GC Algorithms
Garbage collection algorithms are the strategies the JVM uses to identify and reclaim unreachable objects. Different algorithms make different trade-offs between throughput, latency, and memory overhead. The foundational algorithms are mark-sweep, mark-compact, and copying — each with distinct properties that make them suitable for different parts of the heap and different application requirements. Modern production collectors (G1GC, ZGC, Shenandoah) combine these algorithms with concurrency, parallelism, and incremental collection to achieve the best overall performance. This entry covers the core algorithms in depth, their correctness properties, performance characteristics, why generational collection is effective, and how the major production collectors implement these algorithms.

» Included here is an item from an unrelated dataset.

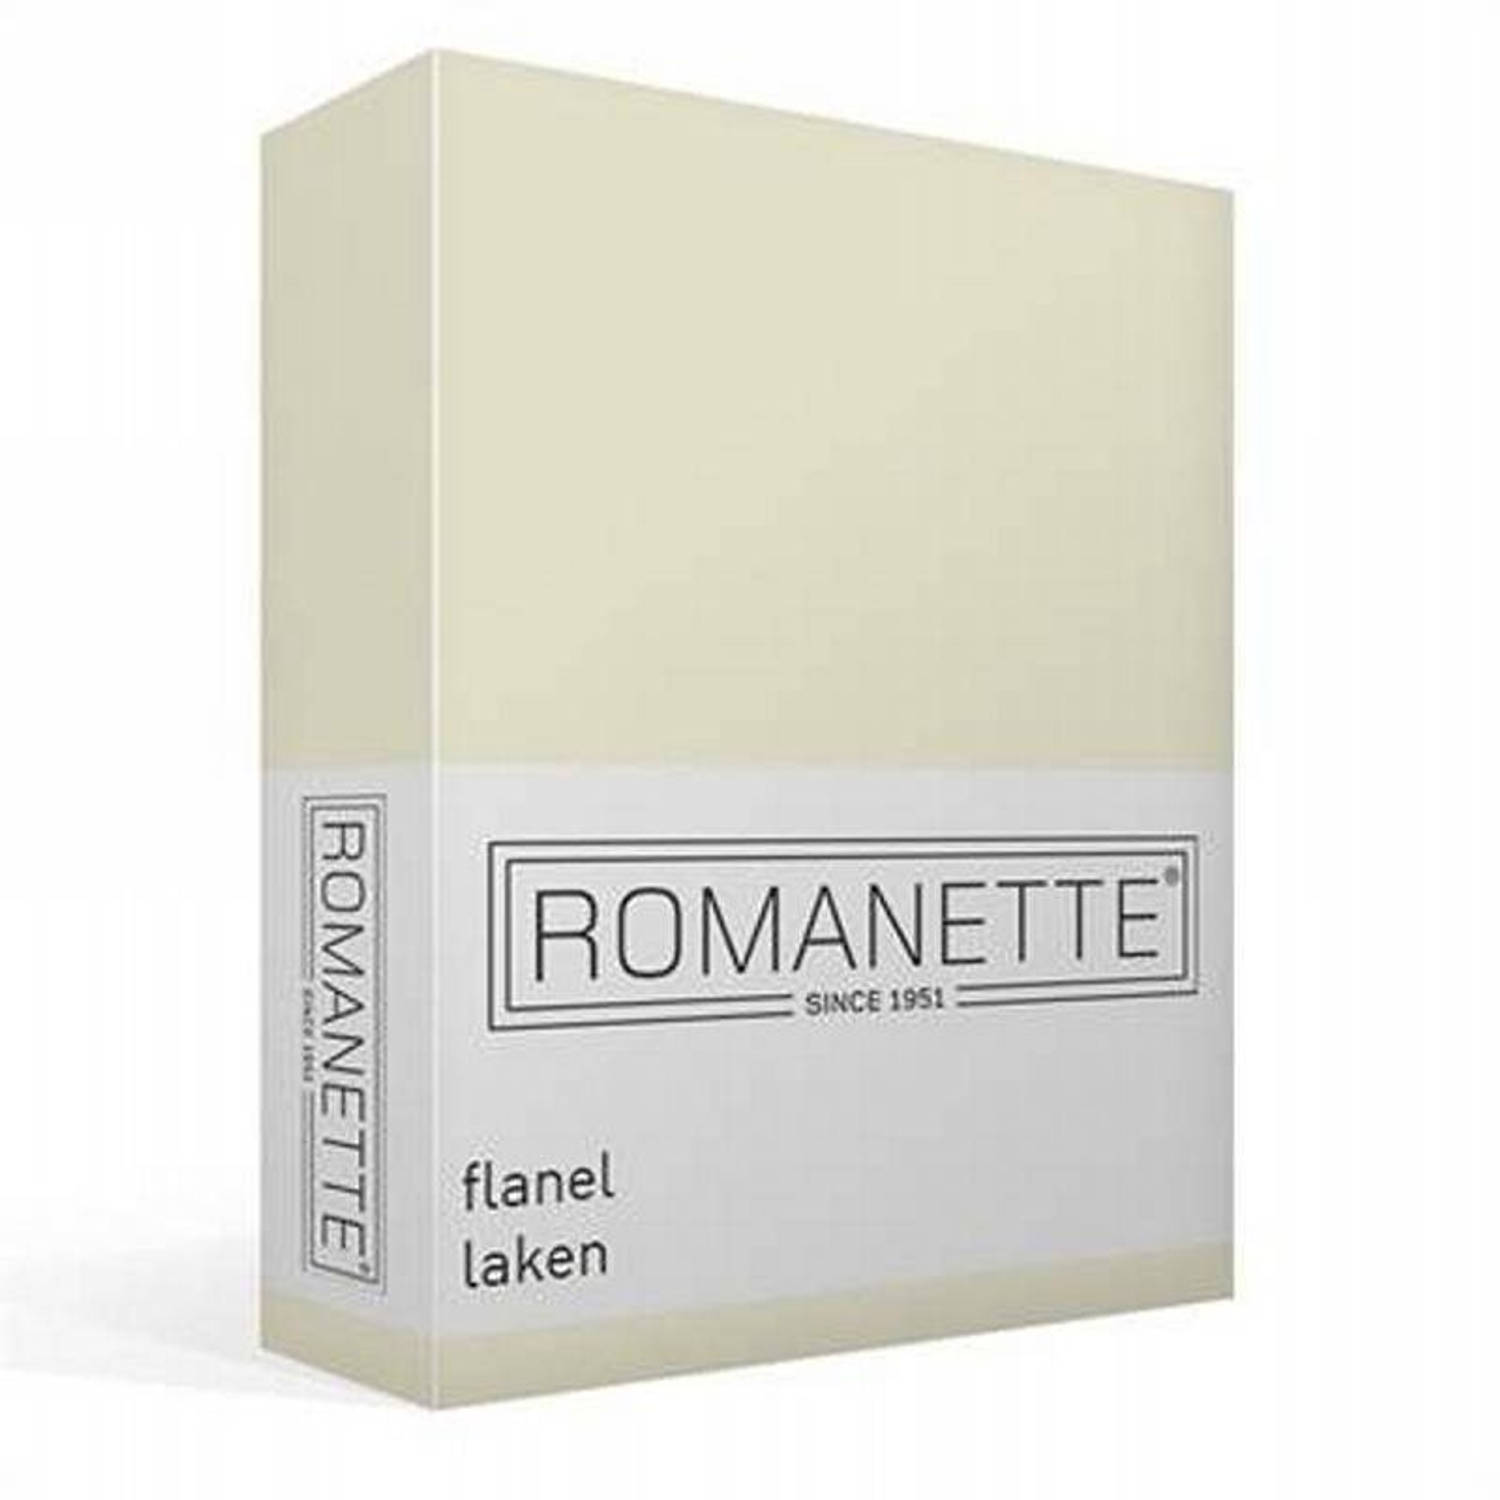 Romanette Flanellen Laken - 100% Geruwde Flanel-katoen - 2-persoons (200x260 Cm) - Ivoor - Wit

Core Algorithms — Mark-Sweep, Mark-Compact, Copying
// ── Mark-Sweep conceptually ──────────────────────────────────────────
//
// BEFORE GC:
// GC Roots → A → B → C
// ↘
// D (D reachable via A→B→D)
// E → F (E, F not reachable from any GC root)
// G (G not reachable)
//
// MARK phase (traverses from GC roots):
// Marked: A, B, C, D (reachable)
// Unmarked: E, F, G (unreachable)
//
// SWEEP phase (scan heap, reclaim unmarked):
// Reclaimed: E, F, G
//
// AFTER GC:
// GC Roots → A → B → C
// ↘
// D
// Free: [E space][F space][G space] ← fragmented free space
// ── Copying collection (young gen) ───────────────────────────────────
//
// BEFORE GC (fromspace):
// [A][B][C][D][E][F][G][H][I] ← mostly garbage (dark = live, light = dead)
// ↑ ↑ ↑ ↑
// live live live live (only 4 objects are live)
//
// COPY phase (copy only live objects to tospace):
// fromspace: [A][B][C][D][E][F][G][H][I] ← all reclaimed in one step
// tospace: [A][B][D][H] ← only 4 live objects
// ↑ bump pointer advances sequentially
//
// RESULT: No fragmentation, fast allocation, cost proportional to LIVE set
// Only 4 objects processed — 5 dead objects cost nothing!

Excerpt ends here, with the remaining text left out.